Recently, I have been contacted by several Oregon condominium association board members and individual homeowners whose conversion condominiums are experiencing serious construction defects and substantial repair costs.  Some of these owners and board members have stated they don't believe they have any legal claims because the developer sold the condominium unit "as-is."

Oregon law, as in many states, provides statutory warranties or disclosure requirements for initial condominium purchasers--for both new condos and conversion condos:  

  *  A Declarant of a newly constructed condominium shall expressly warrant against defects in the plumbing, electrical, mechanical, structural, and all other components of the newly constructed units and common elements.  The applicable statute is ORS 100.185.
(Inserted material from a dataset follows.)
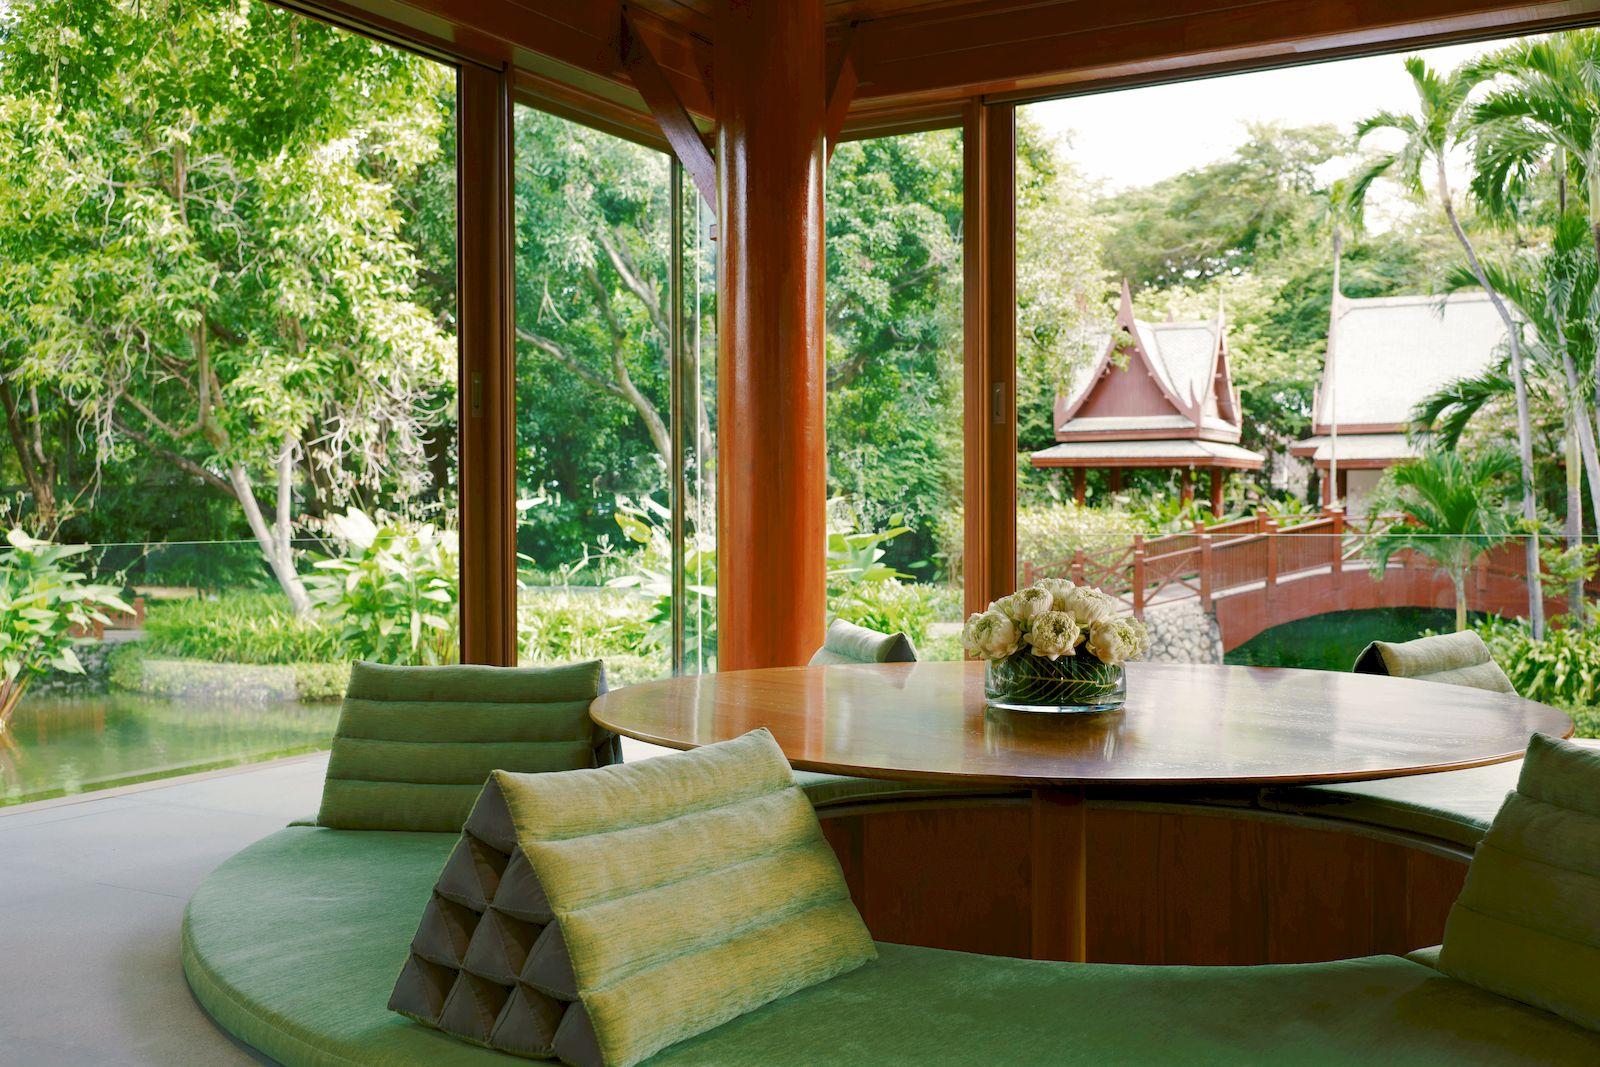 Reset and rejuvenate at Chiva-Somin Hua Hin, Thailand

  *  A Declarant of a conversion condominium must provide a statement of the "present condition of all structural components and major mechanical and utility installations in the condominium, including the approximate date of construction and a reasonable estimate of the remaining useful life of, at a minimum, the roof, siding, plumbing, electrical, HVAC system, asphalt, sidewalks and decks."  The disclosure also must include a statement of whether the assessment of conditions was prepared by a licensed engineer, architect or home inspector.  The applicable statute is ORS 100.655(h).

Thus, there is no such thing as an "as-is" new condominium unit sold in Oregon.  Although Declarants may sell a conversion condominium unit without a warranty, or "as-is," that does not necessarily mean an owner or association foregoes all legal rights in the event construction defects or prior damages exist.  An owner or association may have claims for lack of proper disclosure in the Condominium Disclosure Statement, regardless of whether an "as-is" statement was included in the Condominium Disclosure Statement and/or Purchase and Sale Agreement.

Lastly, although there are no reported Oregon appellate decisions directly on point, courts in other states (including neighboring Washington) have rejected a Declarant's attempts to disclaim warranty and disclosure obligations through a general "as-is" statement.

If you have specific questions regarding your condominium's warranties or disclosures, feel free to contact the Portland or Bend offices of Barker Martin, P.S.  

Developer Liability for Implied Warranty of Suitability

There is a common misconception among builders and buyers of condominium conversions that builders who convert apartments into condos are only liable for “what they touch” or the parts of the condominium that they actually improve. This is not correct. In fact, there are a number of avenues for recovery when a conversion condominium experiences leaks or other problems relating to original construction defects even when the converter did not touch that part of the building. Among these is a claim against the converter under the implied warranty of suitability, which is just now getting some focus in the industry. 

In addition to the well-known warranties of quality for work actually done by a builder converting a building into condos, the Condo Act also provides that the creator of the condominium warrants that “a unit and the common elements in the condominium are suitable for the ordinary uses of real estate of its type.” This is called the implied warranty of suitability or fitness. Unlike the implied warranties of quality, this warranty applies to units and common elements, regardless of whether the developer did any work on those elements

It is unsettled what “suitable for ordinary uses” means because there is no further definition of the term in the statute, nor are there any published legal opinions relating to this matter in the context of conversion condominiums. It may be that this warranty equates with a warranty of habitability, meaning the building is so unsafe as to be virtually uninhabitable under certain circumstances. But it may mean just what it says – that the building is “unsuitable” for its ordinary uses rather than uninhabitable. We have and will continue to argue that a building that leaks is unsuitable for use as someone’s home. To our knowledge, this theory has not been tested in the courts, but we expect to see breach of this warranty pleaded in the near future, especially where, for example, a 75-year-old apartment has been converted for current use as condos with little to no renovation.